Given a group G, we wish to find out more about its properties. Questions include: what subgroups does it have? And normal subgroups? How many elements of order m does it have (where m must divide the order of G if the latter is finite)? It turns out the most fruitful way of looking at this problem is by concretely representing the group as the set of symmetries of some object, then looking at the structure of the object.

For finite groups, some possibilities include:

  • set of permutations on a finite set;
  • set of automorphisms of some group H (i.e. isomorphisms H → H);
  • set of invertible linear maps on a vector space.

We’ll be looking at the first two cases for now.
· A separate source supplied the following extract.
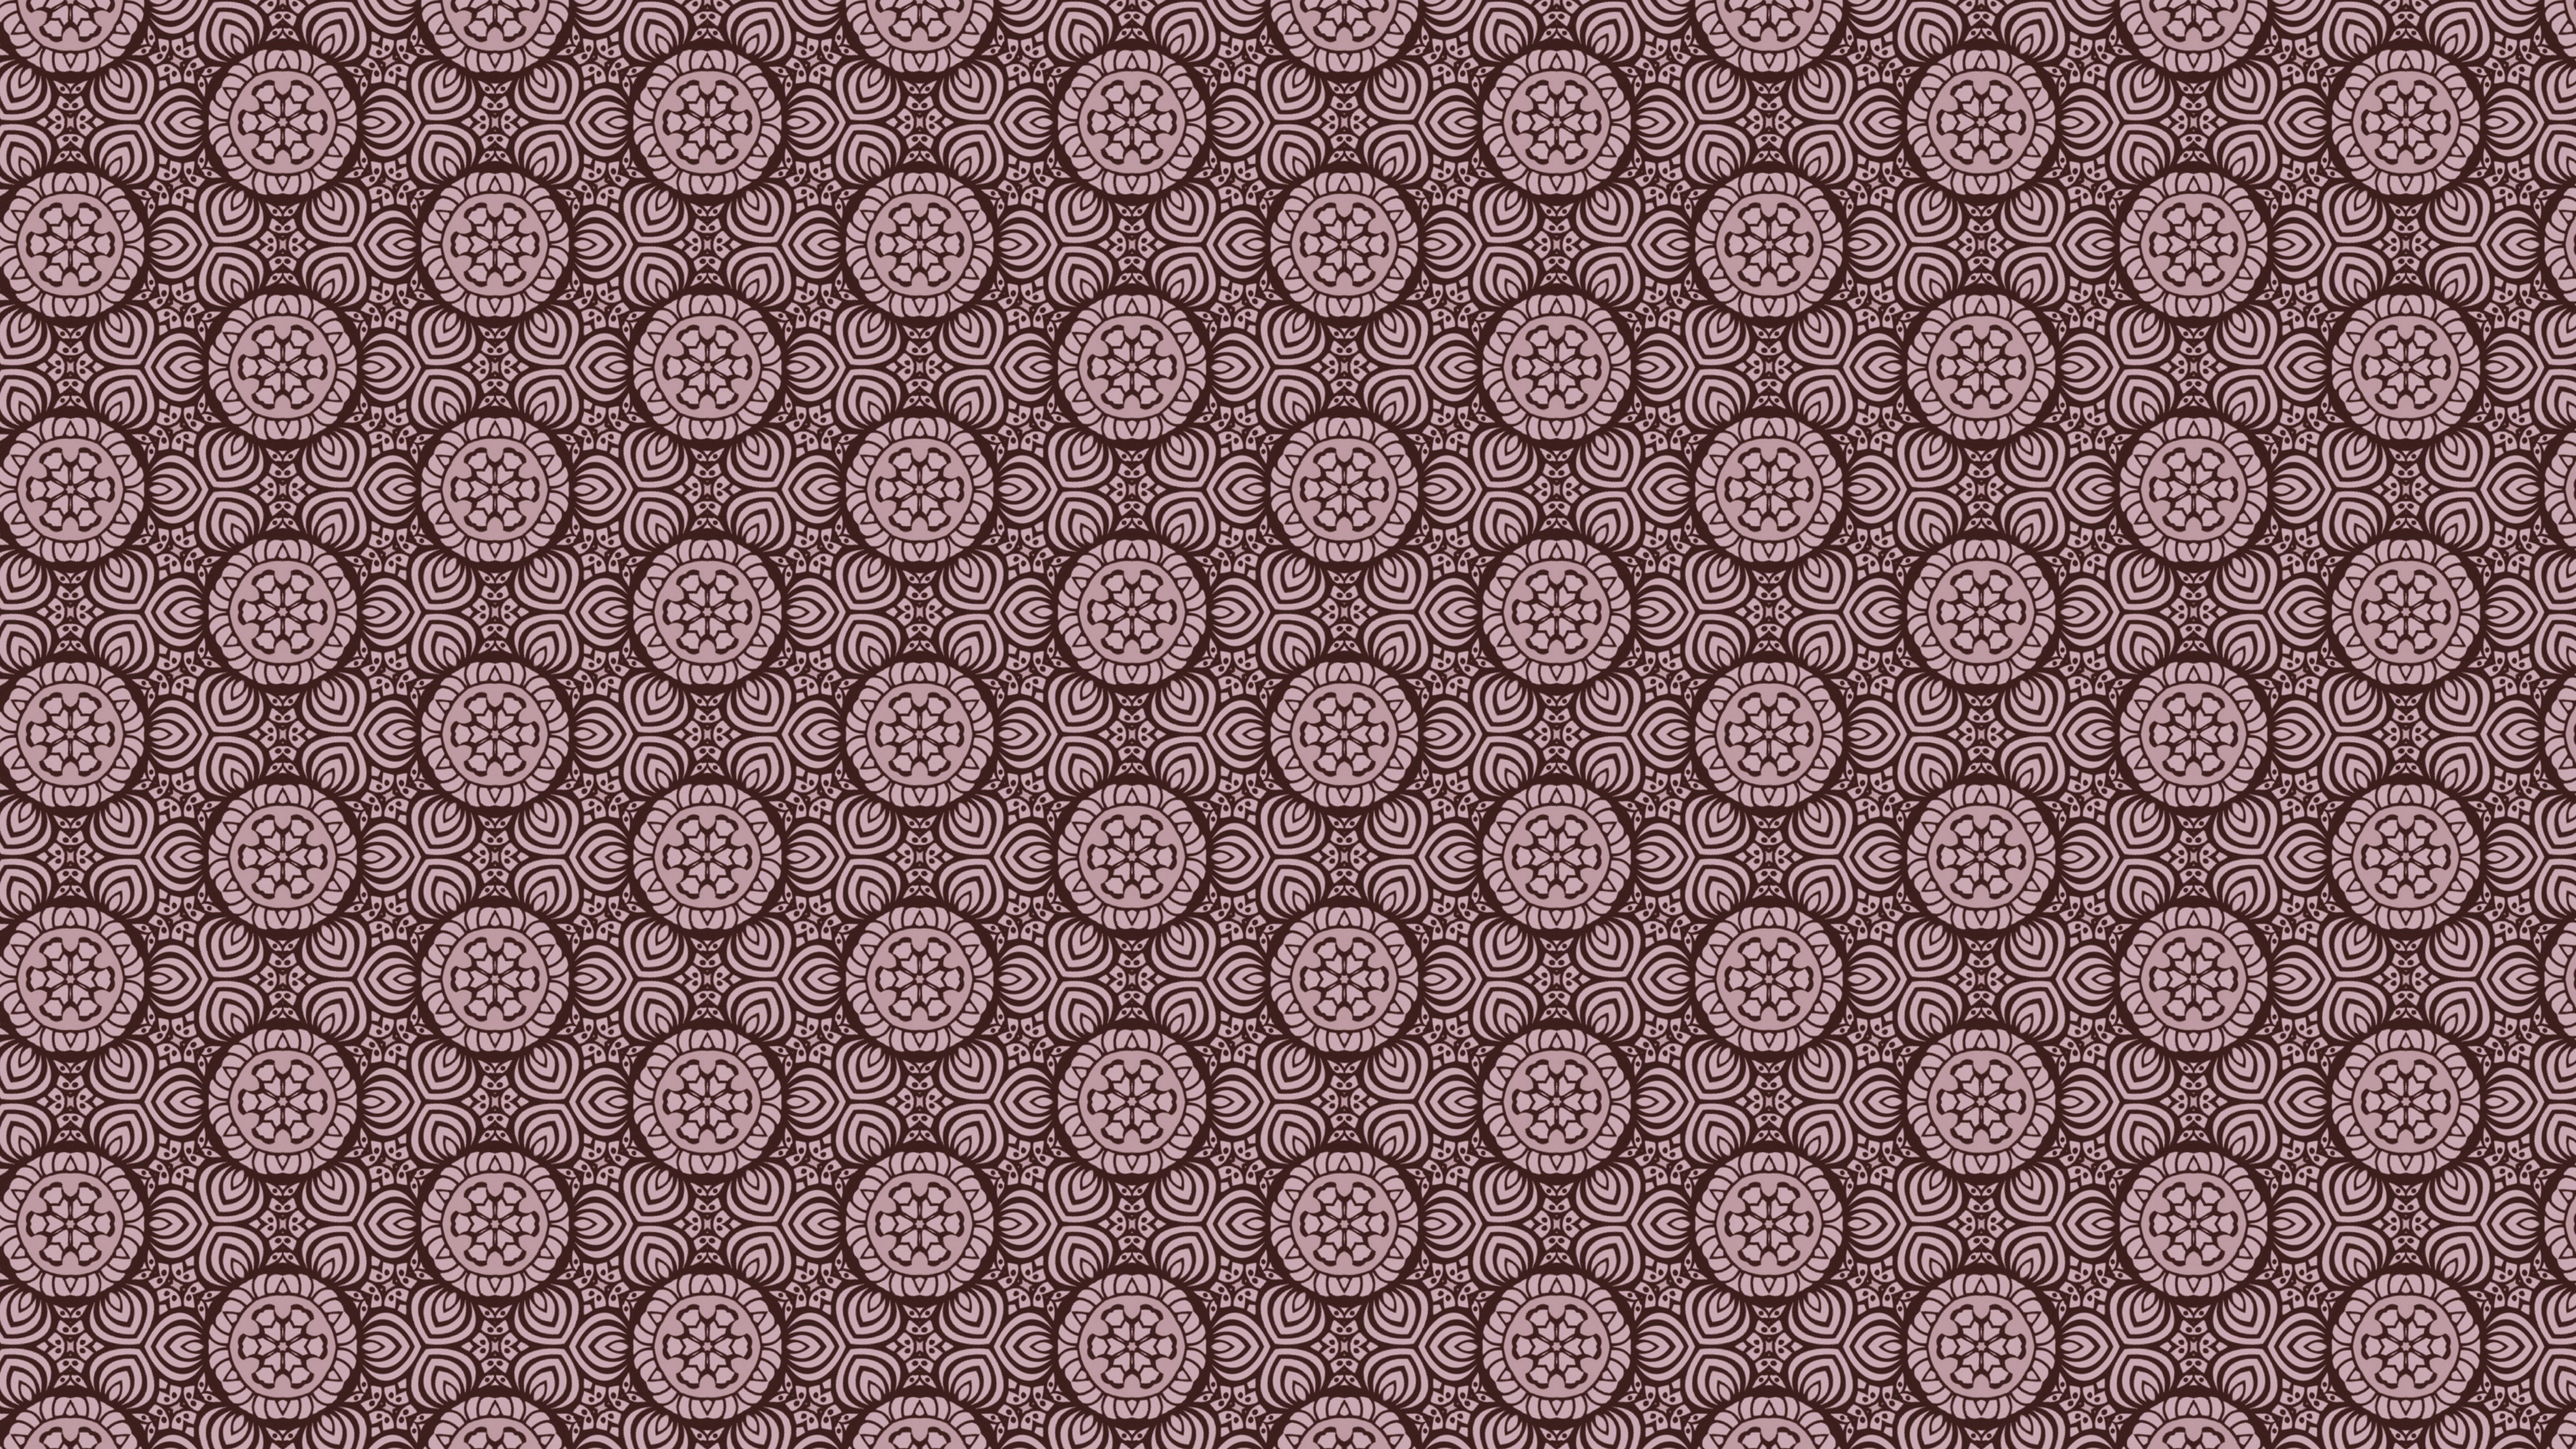 Pink Vintage Floral Seamless Pattern Wallpaper Design Template

Though the third case (representation theory) is actually much more interesting, it requires significantly more background to fully comprehend.

Group Actions

Let G be a group.

Definition. An action of G on a set X is a group homomorphism \phi : G \to S_X, where S_X is the group of all bijections X → X. The set X, together with the underlying action of G, is called a G-set.

Symbolically, the following notation is convenient. If g\in G and x\in X, then write “g·x” or “gx” for the element \phi(g)(x) \in X. Notice that the following conditions are satisfied.

  • ex = \phi(e)(x) = id_X (x) = x for any x in X.
  • g_1(g_2 x) = g_1(\phi(g_2)(x)) = \phi(g_1)(\phi(g_2)(x)) = \phi(g_1 g_2)(x) = (g_1 g_2)x for any g_1, g_2 \in G, x\in X.

[ The above notation does get a bit hairy (and will get worse), so if you’re new to this, do make sure everything works out. Or better yet, see if you can derive these results on your own. Diagrammatically, we have the following. ]

It turns out the above two conditions suffice to determine the original homomorphism. To put it explicitly, suppose we have a map G × X → X, denoted (gx) → gx, such that: (i) exx and (ii) g1(g2x) = (g1g2)x. Then there is a group homomorphism \phi : G \to S_X such that gx = \phi(g)x. The proof is as follows.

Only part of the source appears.